Ce débat séculaire sur le vêtement de la femme musulmane rappelle la « mission civilisatrice » coloniale européenne et le choc des civilisations, mais dans une version contemporaine destinée à un public du XXIe siècle épuisé par les systèmes capitalistes insolvables et biaisés. Il s'agit d'une stratégie bien pensée visant à transformer la souffrance économique réelle en une guerre artificielle contre l'islam et les musulmans.
De même, ce que l'on appelle le « nationalisme féministe », à savoir l'exploitation par les politiciens du discours sur les droits des femmes pour justifier des politiques anti-islamiques telles que l'interdiction du niqab, reproduit le discours orientaliste colonial qui dépeignait les pays islamiques et les femmes musulmanes comme arriérés, constituant une menace et ayant besoin d'être sauvés.
Les propositions d'interdiction du niqab en Italie et en Australie visent spécifiquement les femmes musulmanes, qui sont déjà les principales victimes des attaques islamophobes.

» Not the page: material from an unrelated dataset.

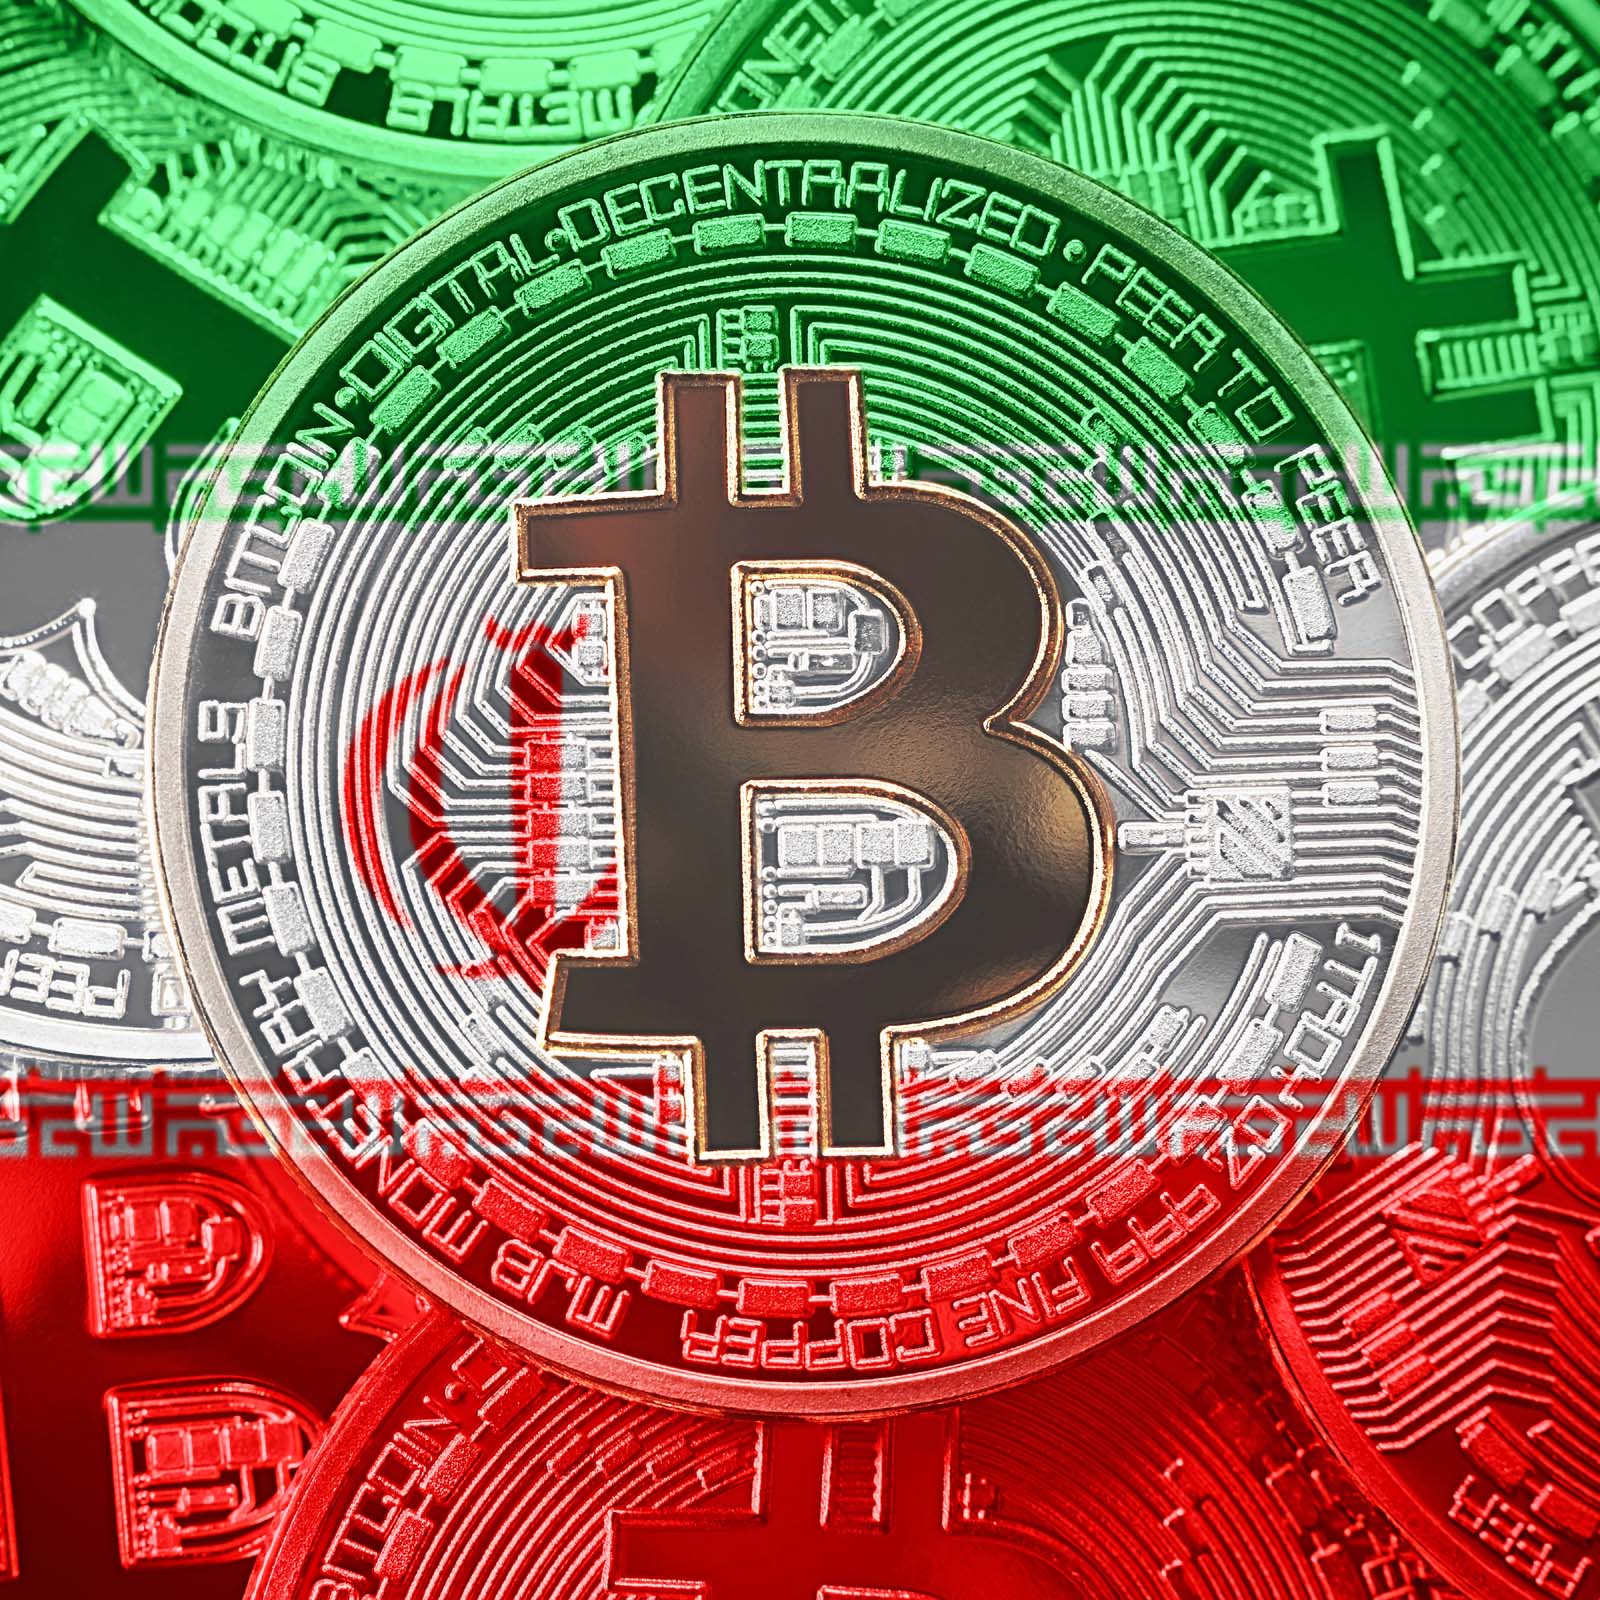 Iran Considers Using Cryptocurrencies to Evade US Sanctions

En Australie, les données du registre australien de l'islamophobie dans son rapport annuel 2024 montrent que 75 % des attaques anti-islamiques visent des femmes et des jeunes filles. De même, les données de l'Agence européenne des droits fondamentaux indiquent que 65 % des musulmans en Italie sont victimes de discrimination et que les femmes sont les plus ciblées.
Dans le même temps, au Portugal, le phénomène de l'islamophobie est en nette augmentation, directement lié à la montée du parti d'extrême droite Chega dirigé par André Ventura, qui dépeint l'islam comme une menace pour l'identité du Portugal et de l'Occident chrétien. L'imposition d'une interdiction du niqab dans ces pays légitimerait juridiquement les préjugés mêmes dont souffrent déjà les femmes musulmanes.
De plus, on ne peut ignorer l'hypocrisie politique des partis de droite qui s'étendent sur les vêtements des femmes musulmanes alors que leurs pays connaissent une crise de violence masculine horrible contre les femmes :
- En Australie, une femme est tuée par son partenaire presque chaque semaine (Institut australien de criminologie, 2023-2024).
- En Italie, une femme est tuée tous les trois jours, signe d'une crise honteuse (Ministère italien de l'Intérieur, 2024).
- Au Portugal, la violence domestique est le crime le plus signalé, les femmes représentant 85 % des victimes.
Ignorer ces crises humanitaires, tout en exagérant le danger d'un morceau de tissu et en le considérant comme une menace à la sécurité, révèle l'hypocrisie flagrante de ceux qui prétendent protéger les femmes.
L'interdiction du niqab représente un choix délibéré de la classe politique d'ignorer les véritables questions humanitaires qui préoccupent l'opinion publique. Au moment où des centaines de milliers de personnes défilaient – sur le pont Sydney Harbour en Australie, sur les places italiennes et dans les rues de Lisbonne – pour protester contre le génocide des musulmans à Gaza, commis par l'entité juive usurpatrice et criminelle, les politiciens ont plutôt choisi de mener une guerre culturelle fondée sur la dualité « nous contre eux ».
Cette attaque directe contre le vêtement de la femme musulmane, qui utilise le discours de la sécurité nationale pour dépeindre le niqab comme une menace existentielle pour la sécurité, l'identité nationale et les valeurs laïques, conduit à la légitimation d'un projet forcé d'intégration forcée, et oblige les femmes musulmanes à abandonner leur identité islamique et à se conformer à des identités nationales laïques imposées.
Nous, les femmes musulmanes, devons nous accrocher à notre foi islamique et nous souvenir de la promesse de Dieu Tout-Puissant d'une grande récompense pour ceux qui sont patients et fermes dans leur religion en période de détresse et d'épreuve. Dieu Tout-Puissant a dit : ﴿Ceux qui disent : "Notre Seigneur est Allah", et qui ensuite se tiennent sur le droit chemin, n'ont rien à craindre et ne seront point affligés. Ce sont les gens du Paradis, où ils demeureront éternellement, en récompense de ce qu'ils faisaient﴾.